Parrot is not just a virtual machine for running dynamic languages; it also includes several tools for building dynamic languages, including a grammars engine and a tree transformation system. Currently, all of these tools are available through PIR, Parrot's native programming language.

Parrot is not just a virtual machine for running dynamic languages; it also includes several tools for building dynamic languages, including a grammars engine and a tree transformation system. Currently, all of these tools are available through PIR, Parrot’s native programming language. PIR is an assembly language that more or less resembles the actual operations the virtual machine performs when it executes a program. It’s possible to represent every program written in a high-level language hosted on Parrot as a PIR program. You just don’t always want to.

(Actually, Parrot bytecode — the actual instructions Parrot executes — itself is a binary form of an even lower language called PASM, or Parrot Assembly. PIR stands for Parrot Intermediate Representation. You can program directly in PASM if you like, but PIR has a few additional syntactic elements that make it much more pleasant, including a simpler syntax for function calls and parameters, in particular. You can safely ignore the existence of PASM quite happily.)

The PIR layer is also the point at which most language interoperability will occur. That is, because all code running on Parrot is Parrot bytecode, calling a Perl 6 function from a Cardinal (Ruby on Parrot) program that returns an object written in pure PIR should look to Parrot as if all three languages were PIR. (The semantics of native types in each language may differ, and rightfully so, but language interoperability should never change the semantics of data that moves across language barriers.)

In any case, whatever your interest in Parrot, learning PIR is valuable. If you want to write a compiler, right now you need at least some ability to write PIR to maintain your compiler. If you’d like to help develop Parrot, most of the test suite uses PIR very heavily. If you’re curious about virtual machines or have never used an assembly language before, Parrot runs on multiple platforms and can help demonstrate advanced language concepts in a different way.

Opcodes

The core syntactic element of the PIR language is an opcode. Nearly everything else is a hint to the compiler. Even the simple “Hello, world! ” program shows the opcode form:

print "Parrot wants a cookie!\n"

(If you’re reading this by a computer with Parrot compiled and working, don’t try to run this program yet.)

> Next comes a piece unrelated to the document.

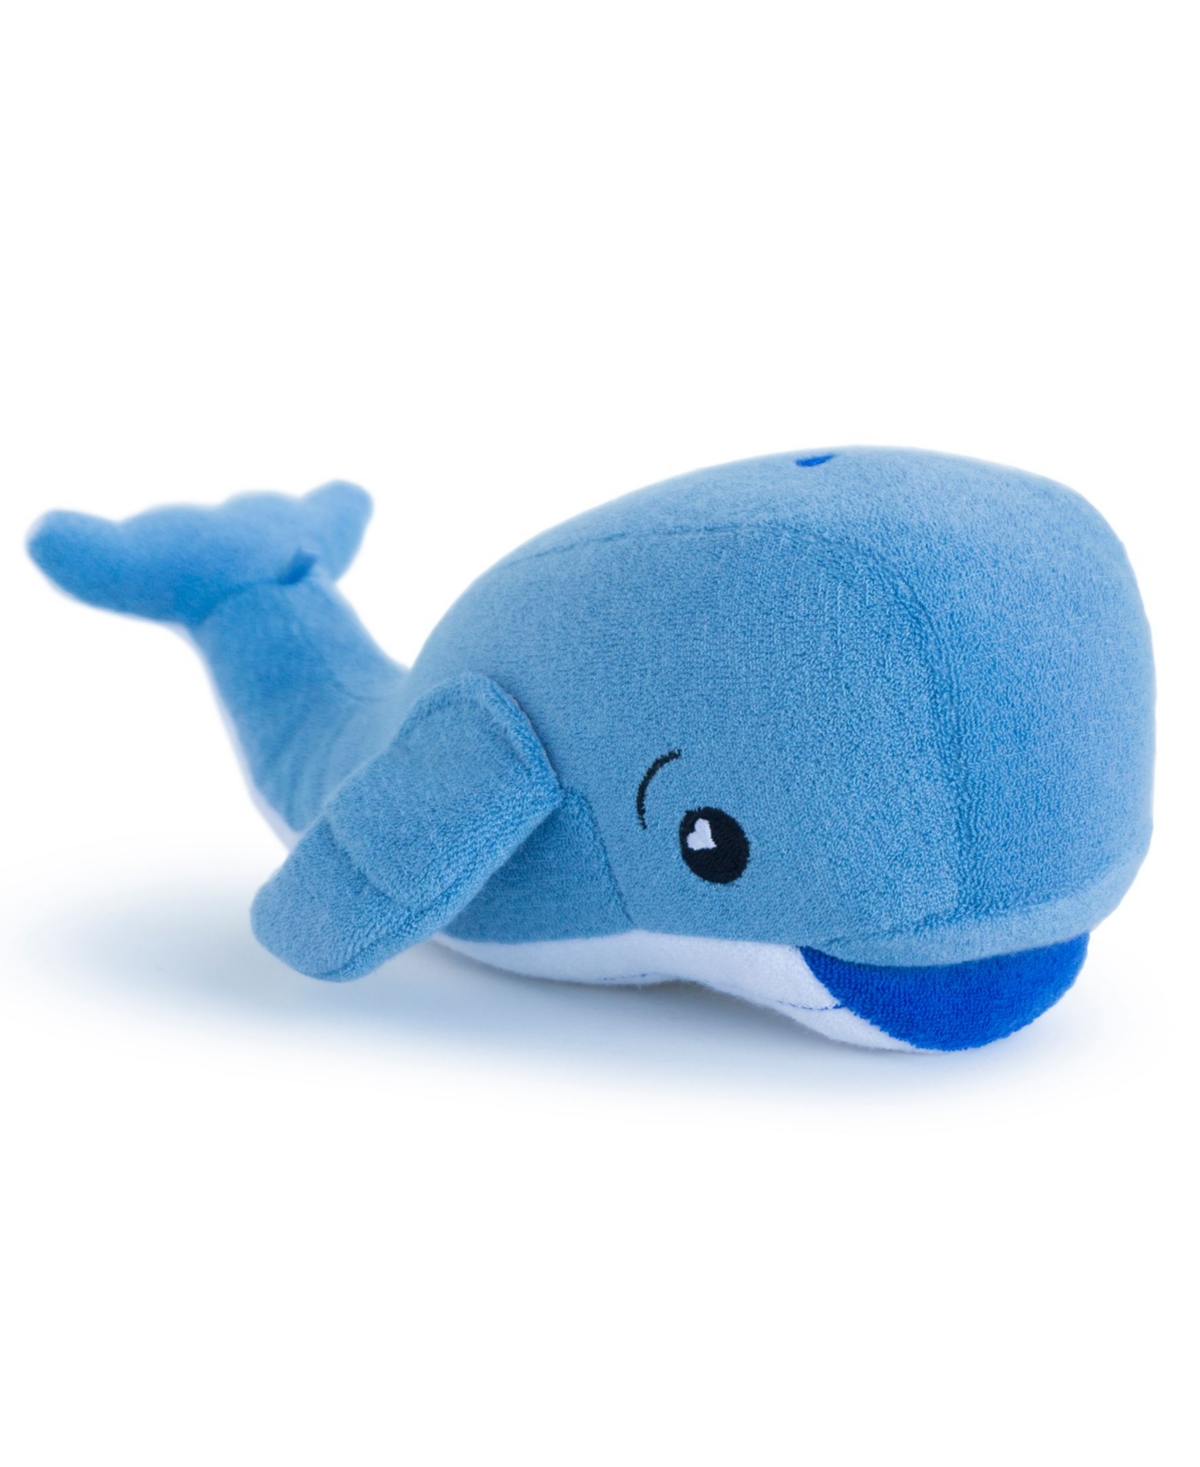 Soapsox Babies' Jackson The Whale Bath Toy Sponge In Blue

In this case, print is the opcode. It takes one argument, a string. If you look in Parrot’s IO ops documentation (found in the source tree in docs/ops/io.pod, after a successful build of Parrot), you’ll see several variants of the print opcode, varying only in the number and types of arguments. For example, print can also take a single integer, a floating point value (or number), or a PMC. Thus you can also write…


print 77
print 4.2
print some_pmc

… provided, of course, that you have already declared a PMC named some_pmc and that it can stringify itself appropriately. That will make more sense momentarily. Unlike Perl, however, print does not take a list of items to print. This is an invalid operation in PIR:

# invalid PIR code
print 1, 2, 3

Parrot enforces strict typing on its opcodes; the PIR compiler yields an error if you use an opcode with invalid arguments. Though this design decision may seem complex and arbitrary, it actually simplifies most of the code representing Parrot opcodes: it performs very little type checking at run time and can be small and fast, which is important, because a normal program may execute millions of operations.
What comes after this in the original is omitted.